What is expected: Reproduce the records precisely. Every line should be included.

Saved entries:
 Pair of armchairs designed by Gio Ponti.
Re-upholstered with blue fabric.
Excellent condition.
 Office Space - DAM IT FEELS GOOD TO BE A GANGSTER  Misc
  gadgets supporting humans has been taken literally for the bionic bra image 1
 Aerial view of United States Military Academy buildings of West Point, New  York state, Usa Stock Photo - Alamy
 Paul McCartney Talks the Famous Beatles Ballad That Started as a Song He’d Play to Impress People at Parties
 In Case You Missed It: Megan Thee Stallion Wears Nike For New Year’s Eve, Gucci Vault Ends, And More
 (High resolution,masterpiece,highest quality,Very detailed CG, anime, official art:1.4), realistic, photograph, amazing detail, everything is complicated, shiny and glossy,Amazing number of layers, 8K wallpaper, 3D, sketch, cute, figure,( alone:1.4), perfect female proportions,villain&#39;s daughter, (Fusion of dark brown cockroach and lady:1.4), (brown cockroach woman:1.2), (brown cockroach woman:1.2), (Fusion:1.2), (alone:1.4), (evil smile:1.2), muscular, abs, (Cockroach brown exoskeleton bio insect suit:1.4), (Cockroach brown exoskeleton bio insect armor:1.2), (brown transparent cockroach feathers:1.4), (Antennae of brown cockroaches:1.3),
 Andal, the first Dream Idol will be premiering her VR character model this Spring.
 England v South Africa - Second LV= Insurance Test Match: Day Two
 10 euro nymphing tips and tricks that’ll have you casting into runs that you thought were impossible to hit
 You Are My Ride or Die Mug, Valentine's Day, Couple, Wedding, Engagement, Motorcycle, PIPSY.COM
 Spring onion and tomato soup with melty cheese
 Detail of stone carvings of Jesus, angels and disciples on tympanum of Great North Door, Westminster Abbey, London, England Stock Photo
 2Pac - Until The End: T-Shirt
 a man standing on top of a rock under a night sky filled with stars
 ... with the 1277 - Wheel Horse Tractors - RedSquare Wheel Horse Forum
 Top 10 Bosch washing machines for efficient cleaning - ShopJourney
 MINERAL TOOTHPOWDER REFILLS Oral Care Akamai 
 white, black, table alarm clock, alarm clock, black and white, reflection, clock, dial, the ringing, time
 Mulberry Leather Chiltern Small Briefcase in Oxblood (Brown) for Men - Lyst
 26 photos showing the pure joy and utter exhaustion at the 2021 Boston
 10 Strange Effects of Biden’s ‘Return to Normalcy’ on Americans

Solution for this exercise:
 Pair of armchairs designed by Gio Ponti.
Re-upholstered with blue fabric.
Excellent condition.
 Office Space - DAM IT FEELS GOOD TO BE A GANGSTER  Misc
  gadgets supporting humans has been taken literally for the bionic bra image 1
 Aerial view of United States Military Academy buildings of West Point, New  York state, Usa Stock Photo - Alamy
 Paul McCartney Talks the Famous Beatles Ballad That Started as a Song He’d Play to Impress People at Parties
 In Case You Missed It: Megan Thee Stallion Wears Nike For New Year’s Eve, Gucci Vault Ends, And More
 (High resolution,masterpiece,highest quality,Very detailed CG, anime, official art:1.4), realistic, photograph, amazing detail, everything is complicated, shiny and glossy,Amazing number of layers, 8K wallpaper, 3D, sketch, cute, figure,( alone:1.4), perfect female proportions,villain&#39;s daughter, (Fusion of dark brown cockroach and lady:1.4), (brown cockroach woman:1.2), (brown cockroach woman:1.2), (Fusion:1.2), (alone:1.4), (evil smile:1.2), muscular, abs, (Cockroach brown exoskeleton bio insect suit:1.4), (Cockroach brown exoskeleton bio insect armor:1.2), (brown transparent cockroach feathers:1.4), (Antennae of brown cockroaches:1.3),
 Andal, the first Dream Idol will be premiering her VR character model this Spring.
 England v South Africa - Second LV= Insurance Test Match: Day Two
 10 euro nymphing tips and tricks that’ll have you casting into runs that you thought were impossible to hit
 You Are My Ride or Die Mug, Valentine's Day, Couple, Wedding, Engagement, Motorcycle, PIPSY.COM
 Spring onion and tomato soup with melty cheese
 Detail of stone carvings of Jesus, angels and disciples on tympanum of Great North Door, Westminster Abbey, London, England Stock Photo
 2Pac - Until The End: T-Shirt
 a man standing on top of a rock under a night sky filled with stars
 ... with the 1277 - Wheel Horse Tractors - RedSquare Wheel Horse Forum
 Top 10 Bosch washing machines for efficient cleaning - ShopJourney
 MINERAL TOOTHPOWDER REFILLS Oral Care Akamai 
 white, black, table alarm clock, alarm clock, black and white, reflection, clock, dial, the ringing, time
 Mulberry Leather Chiltern Small Briefcase in Oxblood (Brown) for Men - Lyst
 26 photos showing the pure joy and utter exhaustion at the 2021 Boston
 10 Strange Effects of Biden’s ‘Return to Normalcy’ on Americans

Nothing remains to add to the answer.